The vet described how ‘Heiner’ had rung at his door and told him his wife was gone. The next day they’d gone in search of her together with Heiner’s son. It had been Frank who’d discovered the shoes. ‘They were standing there as if on display,’ the vet said. Not far from the shoes, he himself had then seen ‘something covered, in the shape of a body’ and ‘a little heap with a glint of red hair’. It wasn’t hard to put two and two together, he added.
Frank, the Scholls’ son, was the first witness on the second day of the hearing. He told the court that his father had rung him at home in Wiesbaden and said his mum was gone, and so was the dog; the police had already sent helicopters with thermal cameras out looking for them. ‘I was amazed they were going to such trouble.’
After a sleepless night he had driven to Ludwigsfelde where his father had been waiting to set out looking with him. They’d been in the woods about an hour. ‘The vet was already on his way back when my father called out: “Come over here to the left. She sometimes went this way too.” I thought: “What we’re doing here is complete madness. The woods are far too big.”’

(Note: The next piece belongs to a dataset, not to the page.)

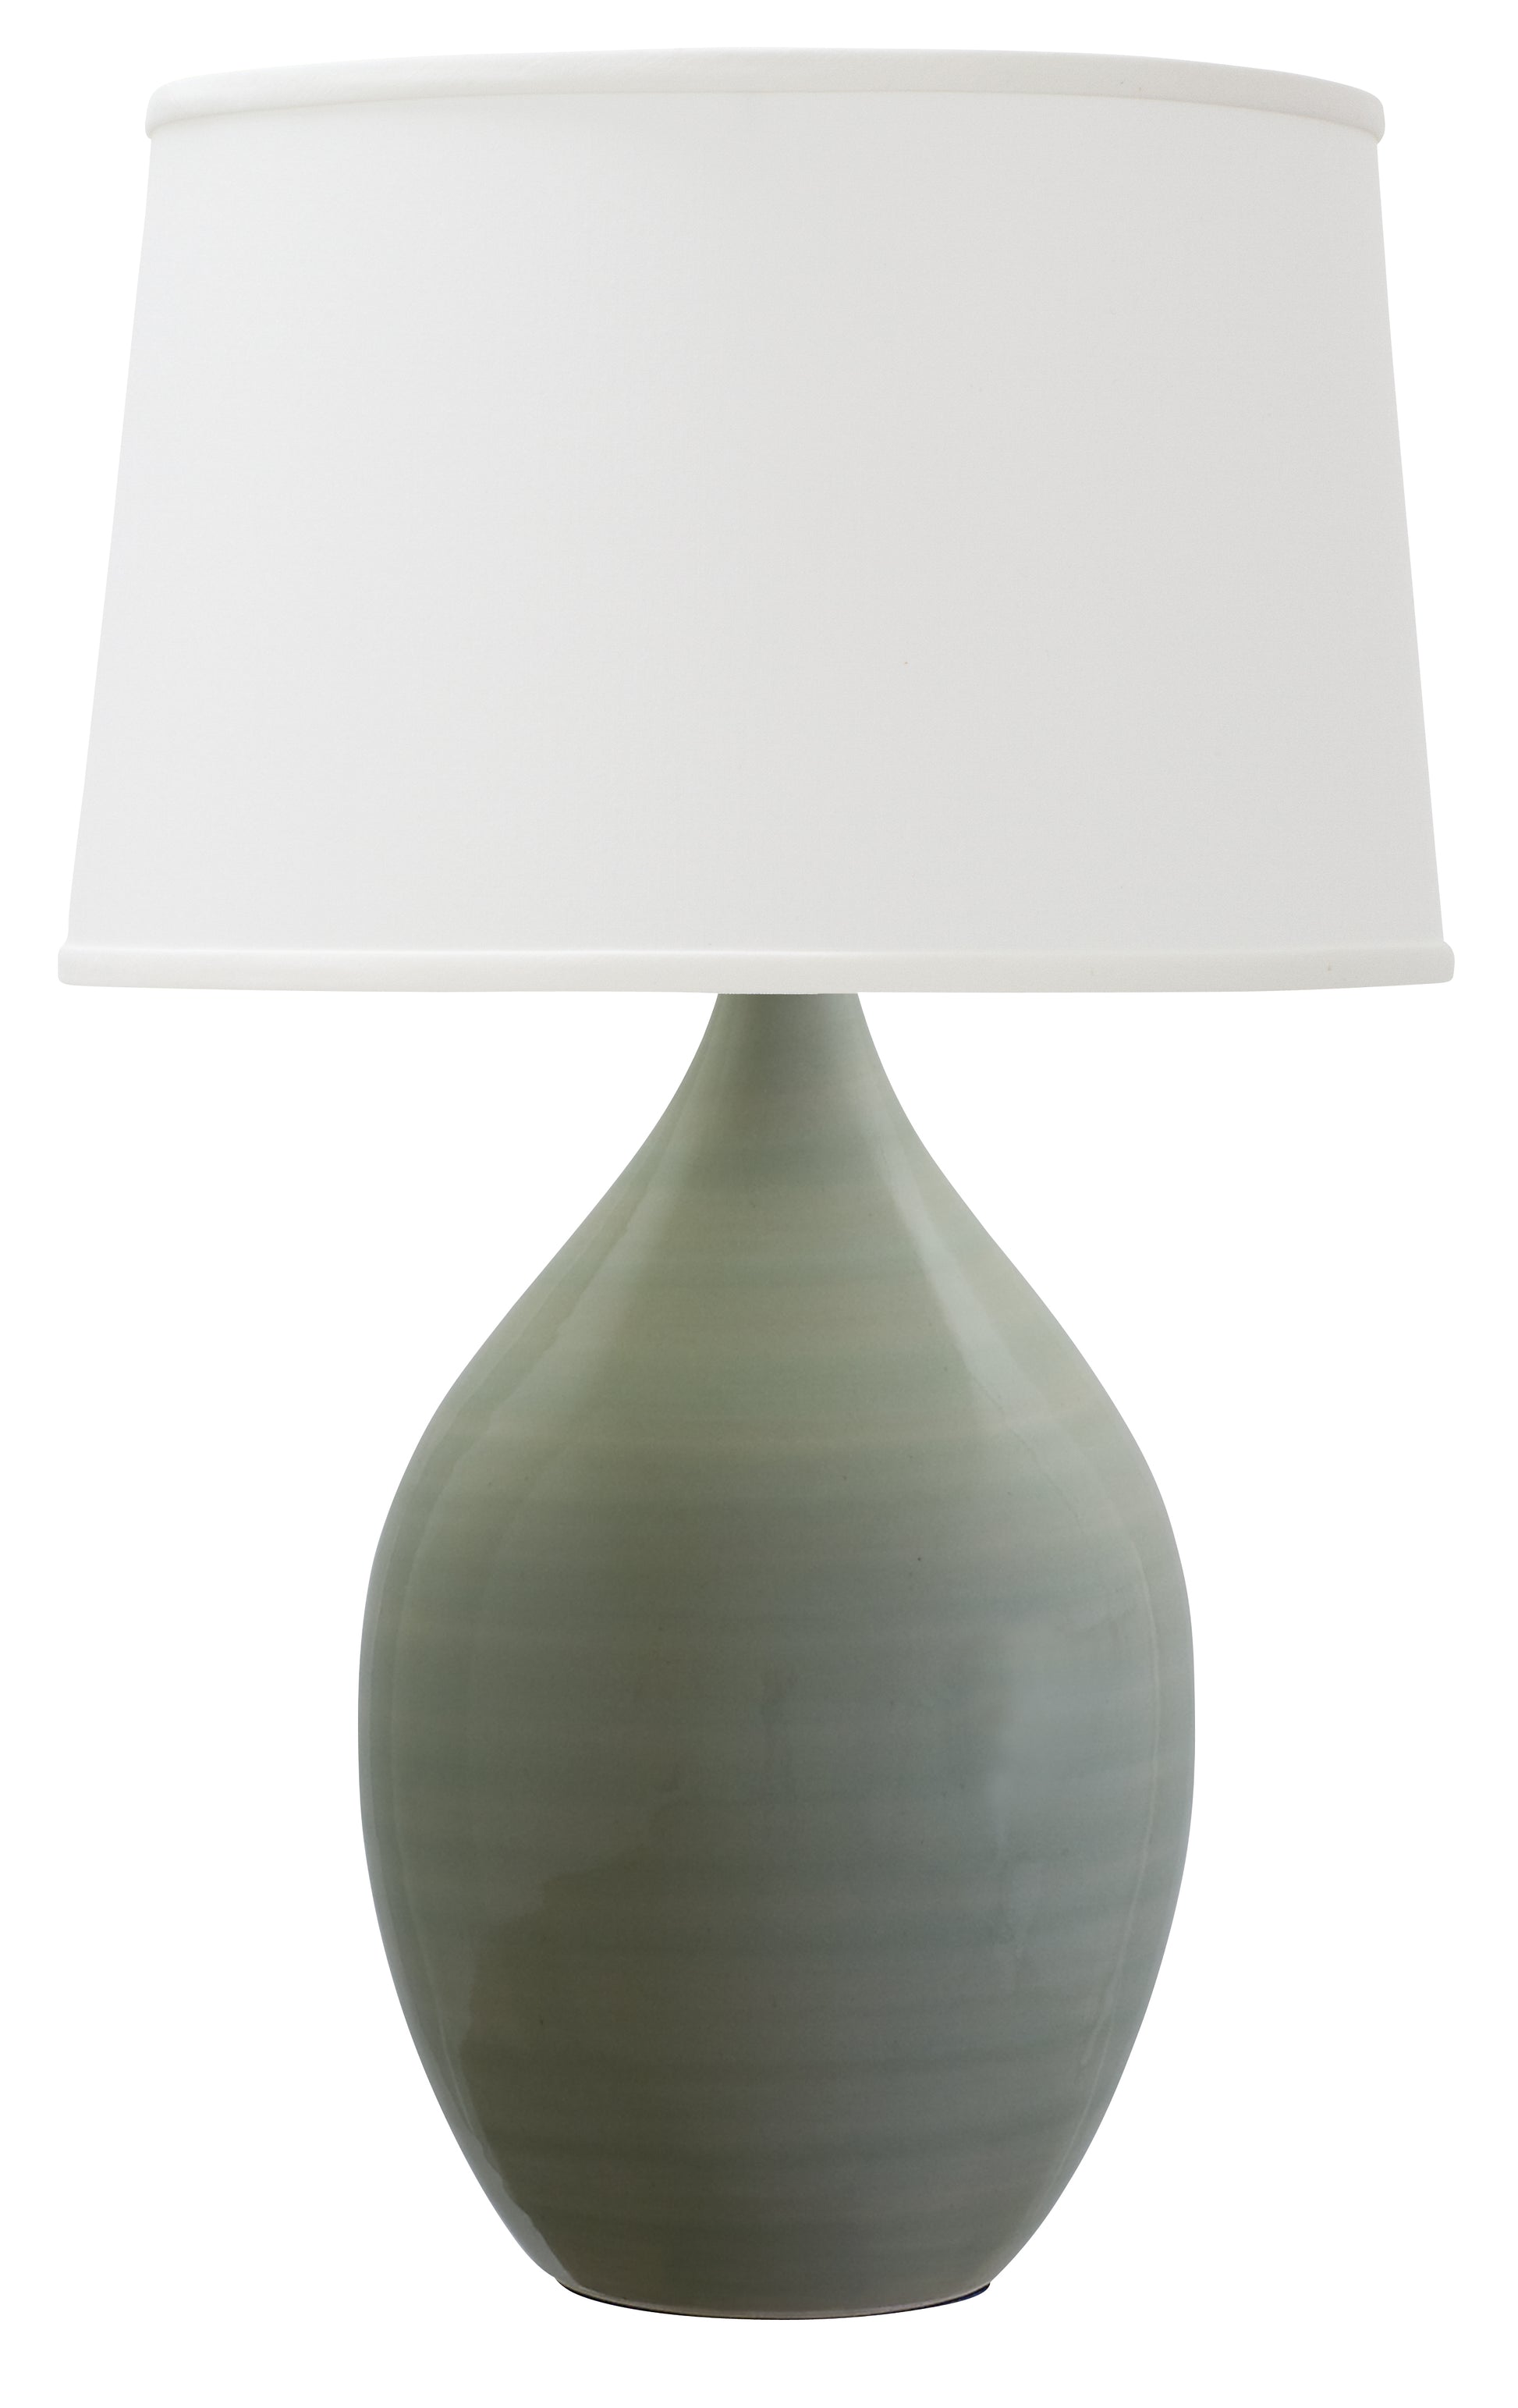 House of Troy Scatchard 24.5" Stoneware Table Lamp in Celadon GS402-CG

But he walked into the other part of the woods and suddenly came across the shoes, a pair of black slip-ons. ‘They were standing there, waiting to be found. My father said: “They’re Mum’s.” I said: “What is this?” I was leaping about like a dervish and he was saying, quite calmly and matter-of-factly: “Yes, they’re Mum’s shoes.”’
The son described how alien his father seemed to him in the days, weeks and months following his mother’s death, how quickly he had reverted to everyday life
, how little he spoke. He had divided up his wife’s jewellery only the day after the funeral and the police later discovered that he’d set aside the bulk of it for himself. In an interview before the trial, Frank had said he wanted to be clear about whether or not his father was guilty. Now, in court, he gave the impression of having long since found the answer.

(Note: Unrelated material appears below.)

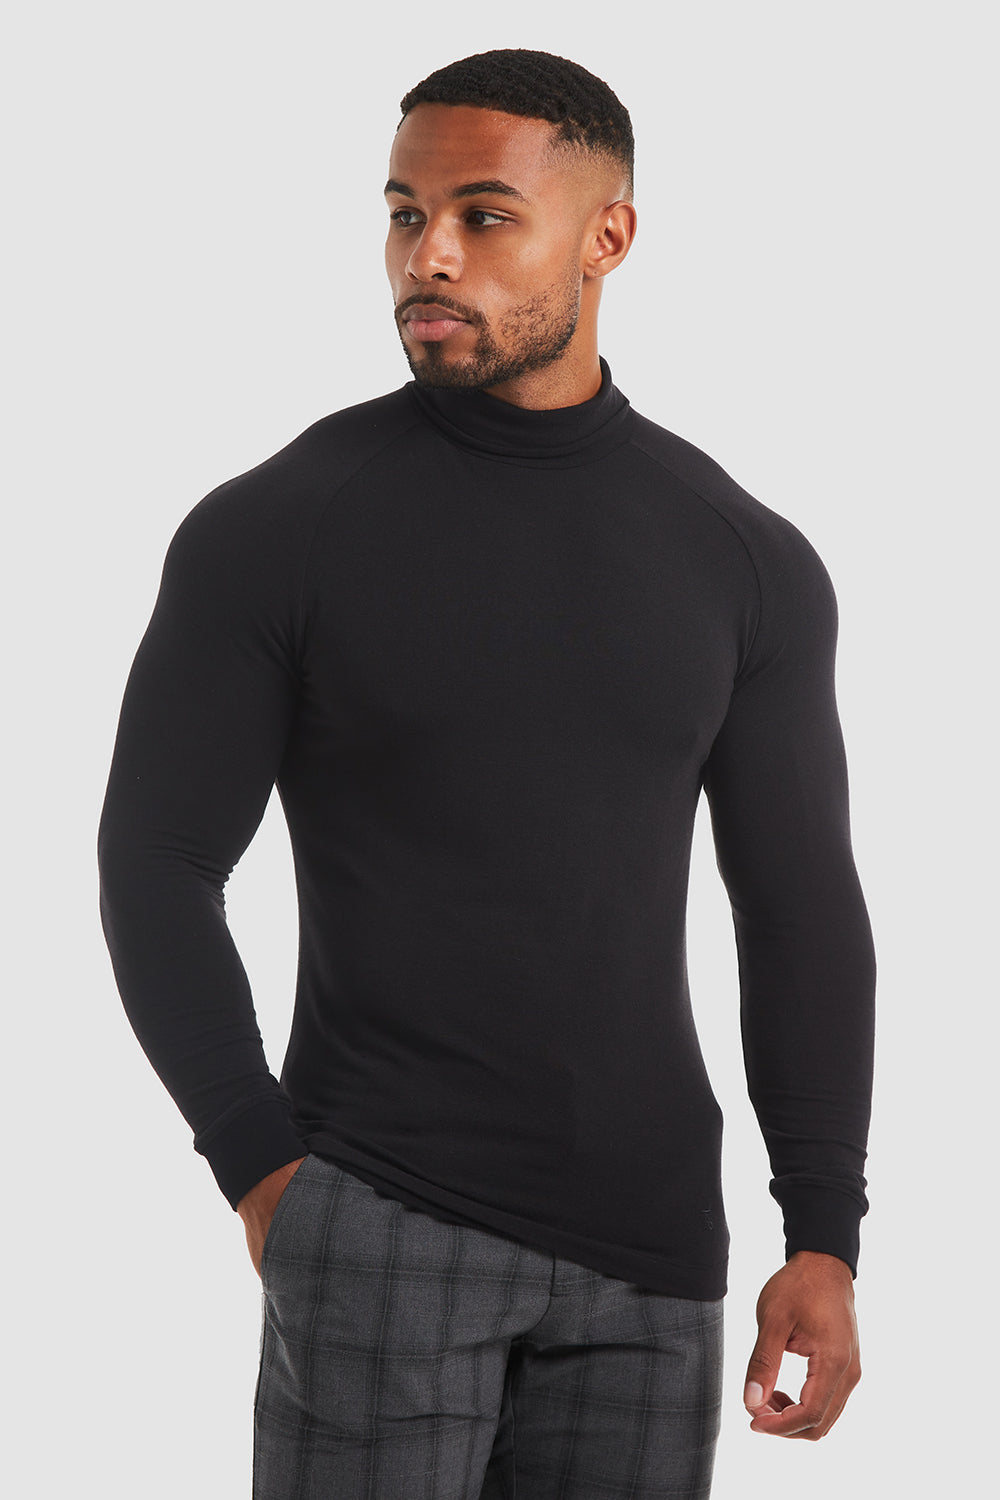 Roll USA - - Neck Black (LS) TAILORED ATHLETE in Jersey Knit Look

Heide Sandkuhl’s questions, intended to shift the attention away from her client, did little to counter this impression. She asked Frank about calls Brigitte Scholl had received from a stalker, and about a local admirer. She also wanted to know whether he had forwarded letters to the criminal investigation department—personal letters to him from his father.

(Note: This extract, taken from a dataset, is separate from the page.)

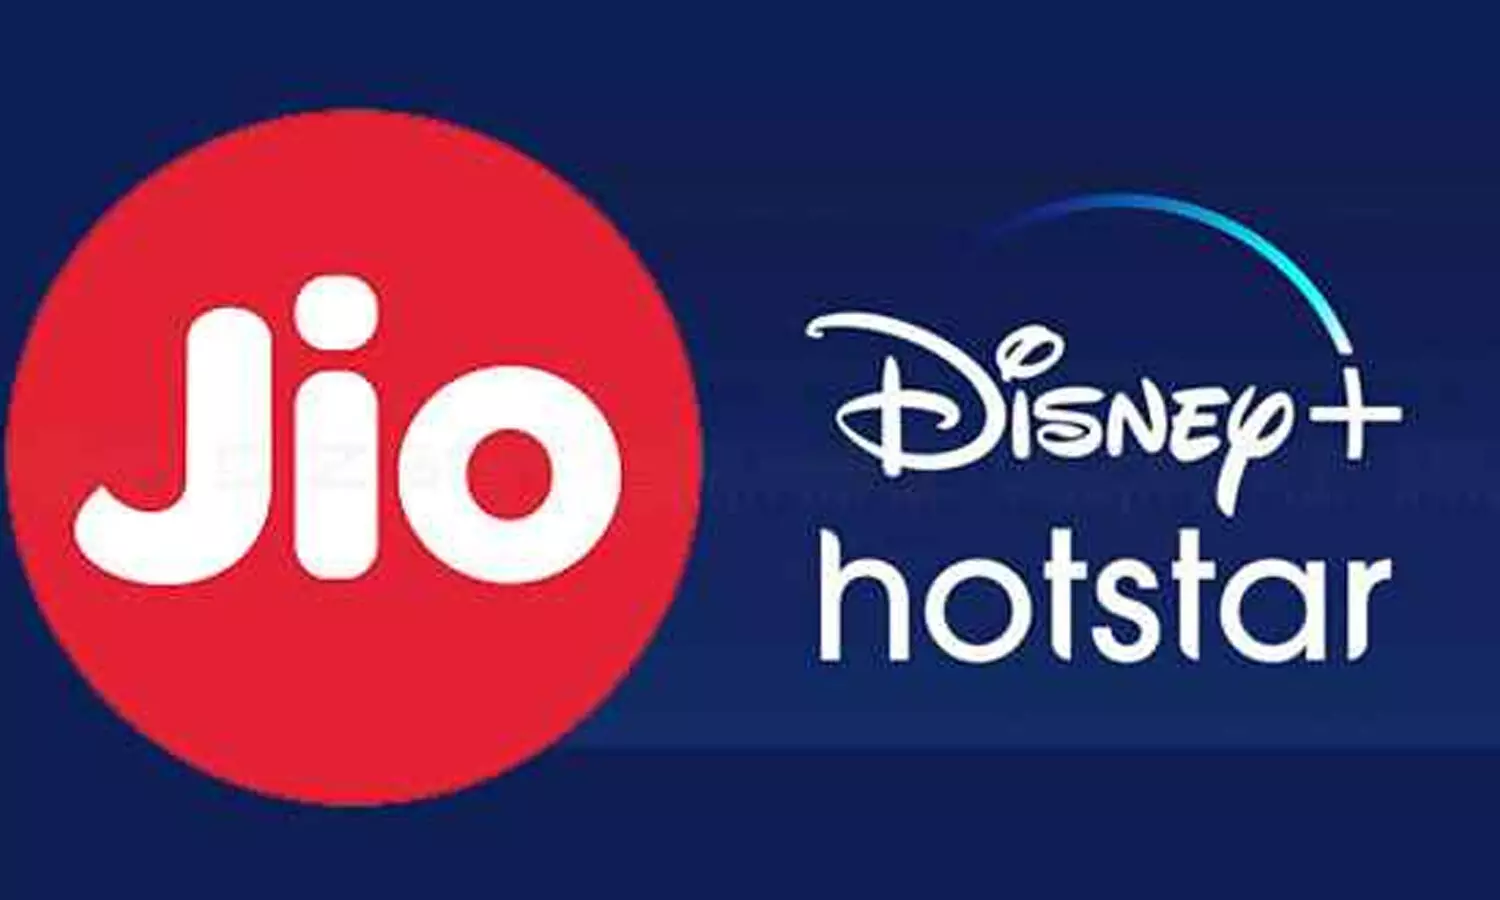 Reliance Jio Disney Hotstars full content will be available with new prepaid plans

One of these she read aloud:
Dear Frank,
I can imagine what’s going on in your mind. But rest assured that I didn’t do your mother and Ursus any harm. I may have been acting a little strangely, because I realised I was the target of police investigations. But I hope I can make up for it some time in the future.
Your Dad
Heinrich Scholl wiped the tears from his eyes, moved by his own words. His son didn’t cry. He deflected all attempts to put his father in a better light: the calls from the stalker had been a long time ago, he had only mentioned the admirer to the police so that all possible lines of inquiry could be pursued, and as for the letters, yes, he couldn’t deny that he had sent them on. ‘The murder squad was my only point of contact. I had to process everything somehow.’